CityCyclingEdinburgh Forum » Infrastructure

Tram latest

(83 posts)

No tags yet.


  1. chdot
    Admin

    "

    brianjaffa:

    Tories and Labour unite to vote through a tram line from Edinburgh Airport to Haymarket costing an estimated £700 million. Good plan?

    Original Tweet: http://twitter.com/brianjaffa/status/106741088848580608

    "

    No point in digging up Princes Street for the next year then??

    Posted 13 years ago #
  2. kaputnik
    Moderator

    So we can go ahead with my plan to fill in the gap in the lines with some sort of semi-permanent substance then? Should be a cheap and simple way to make the road more cycle-friendly and also maintain what's already there on the off chance we find a few hundred million lieing around to get the trams that last few hundred metres from Haymarket to the West End.

    Posted 13 years ago #
  3. Min
    Member

    *bangs head against wall*

    Posted 13 years ago #
  4. crowriver
    Member

    Oh dear. How could they be so short sighted?

    Posted 13 years ago #
  5. crowriver
    Member

    The chip wrapper is appalled (naturally) but in this case right to be so.

    Posted 13 years ago #
  6. Instography
    Member

    Is it my imagination or are those councillors also characters from Royston Vasey?

    Posted 13 years ago #
  7. SRD
    Moderator

    that's it. i'm voting green from now on.

    Posted 13 years ago #
  8. Morningsider
    Member

    I'm finding it difficult to put my thoughts into words here (no change from usual, you might argue). I suppose the thing that annoys me the most is that this decision has been taken for political gain rather than in the best interests of the people of Edinburgh.

    The SNP didn't have the courage of their convictions and vote to kill the project - which would have left them open to charges of squandering a huge sum of money for no benefit. Labour and Lib Dems want to disassociate themselves from the project and claims they were about to saddle the city with a huge debt, but also didn't want to be blamed for getting absolutely nothing for all the money spent.

    I could go on but "No personal insults. No swearing"

    Posted 13 years ago #
  9. Kirst
    Member

    I'd rather they used the money to give us all a spacehopper each.

    Posted 13 years ago #
  10. cc
    Member

    @SRD well said.

    Single transferable vote or no, there no longer seems any point in voting for any other party. Trams, cycling, they all seem determined to outdo each other in stupidity.

    Posted 13 years ago #
  11. kaputnik
    Moderator

    @kirst then we'd need to spend money on the North Edinburgh Spacehopper network.

    Posted 13 years ago #
  12. DdF
    Member

    I'd normally vote Green anyway when have the chance (even though I'm a member of another party!) but really can't make up my mind which was the best option today. There seemed big risks with the St A Sq option - e.g. great uncertainty remaining about the utilities under the roads, so no real guarantee costs wouldn't grow significantly further. Whereas Haymarket option seems far more likely to stick to a given budget, with no road digging needed and most of the structures in place now. Obviously St A Sq would be best for the city economy, but is also a much bigger risk, so I don't think the best choice today was particularly obvious.

    HOWEVER, purely from a 'selfish' cycling-only perspective, Haymarket is a great decision...

    a. No more onroad tramlines. Reported crashes in Princes St alone are continuing [please report any]. The proposals near Haymarket Stn, especially for everyone cycling from Morrison St to the A8 (i.e. many people every day) were IMO quite dangerous - even the council officers admitted they were not ideal but said they were the best that could be achieved. Maybe if/when extension to St A Sq happens there can be a redesign giving more attention to cycling from the outset - especially if numbers cycling in the city keep rising.

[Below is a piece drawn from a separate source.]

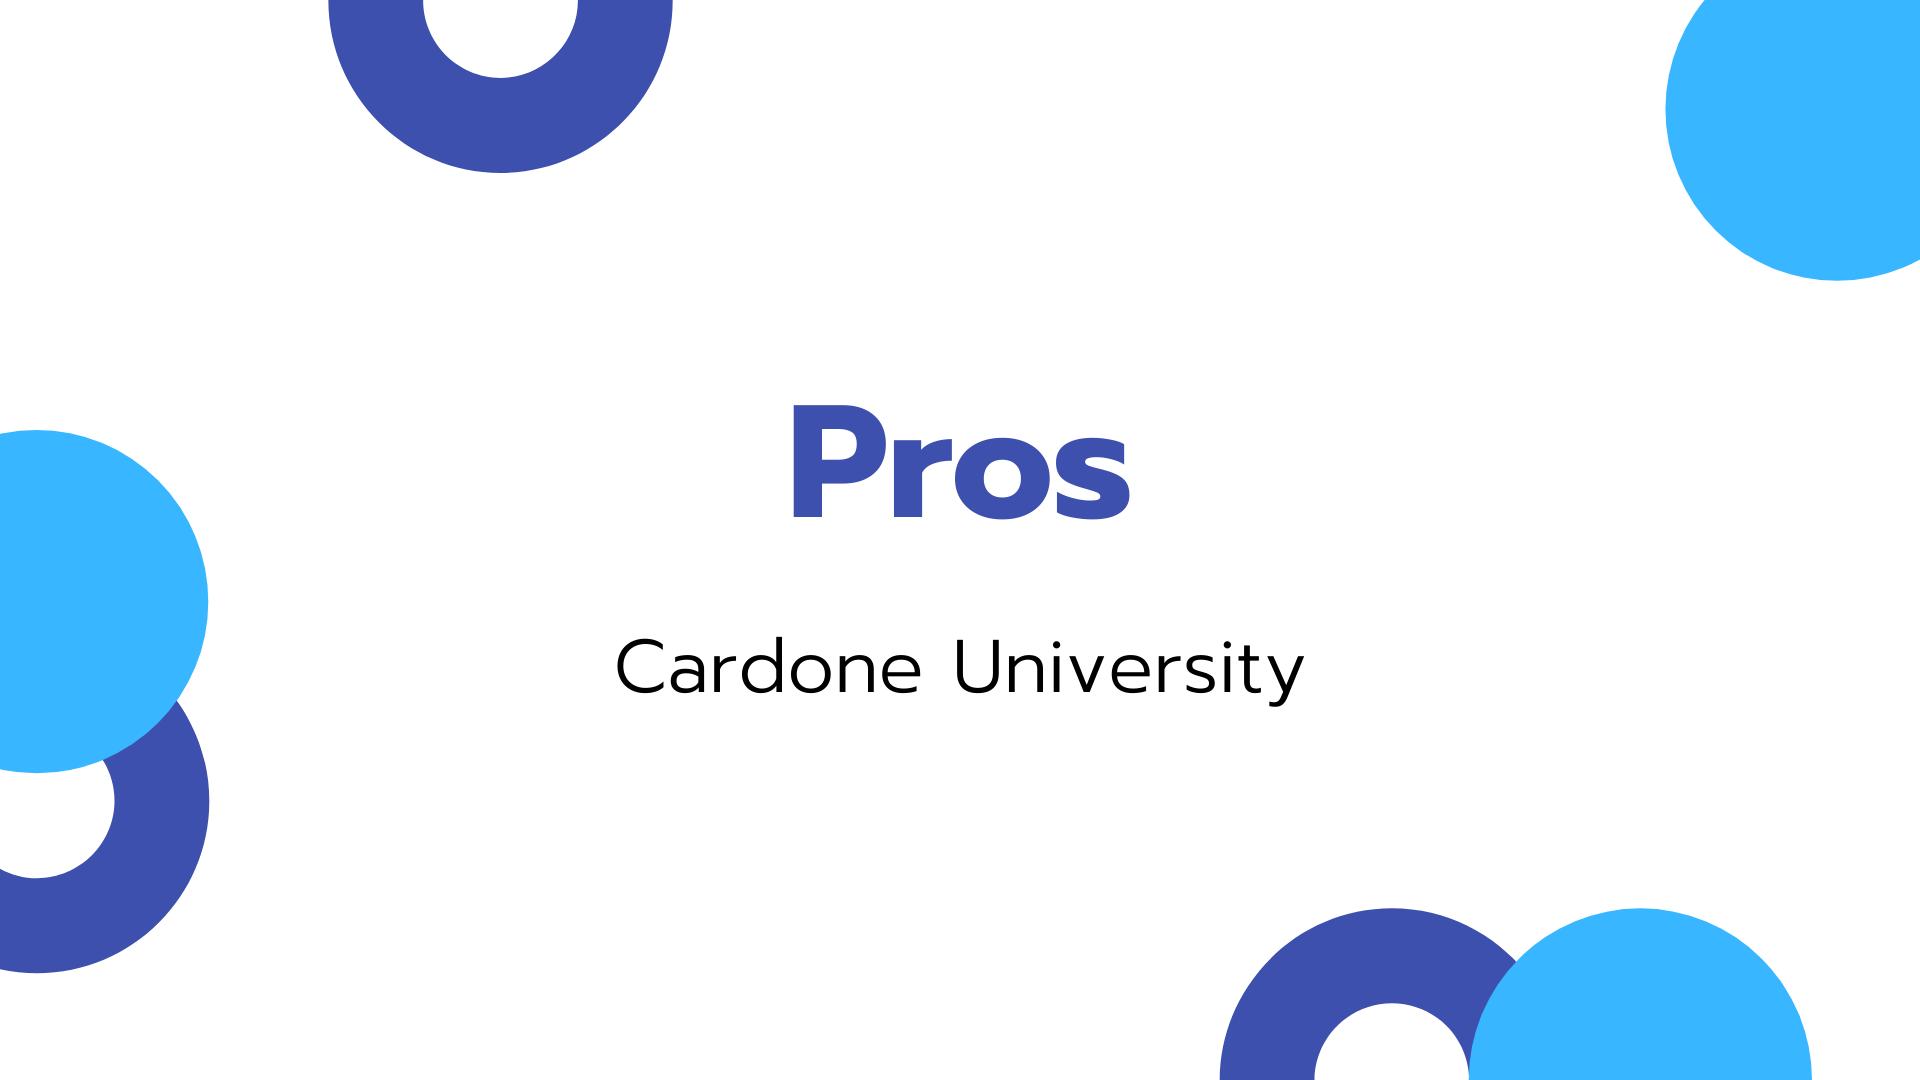 The pros of Cardone University

    b. We could press for the proposed bike carriage experiment [Spokes Bulletins 104 and 107]to happen much sooner (currently it is intended to wait for 12 months or so, partly to work out when the 'peak period' is). But now there will be much less capacity problems on the trams, and presumably they will be desperate to maximise custom.

    Just to repeat - these are not arguments which should be deciding the tram outcome today, but they are a very nice side-effect from the perspective of a bike-friendly city.

    Also @cc, don't agree on stupidity re cycling - slightly over the top! Edinburgh's Active Travel Action Plan is probably the best in Scotland, and the council is putting significant staff resources into it. Despite the recent 20mph disappointment the first quality bike corridor still on track to be implemented early 2012.

    Posted 13 years ago #
  13. chdot
    Admin

    "
    I could go on but "No personal insults. No swearing"
    "

    I think that only applies towards other forum members...

    However, thank you for your restraint.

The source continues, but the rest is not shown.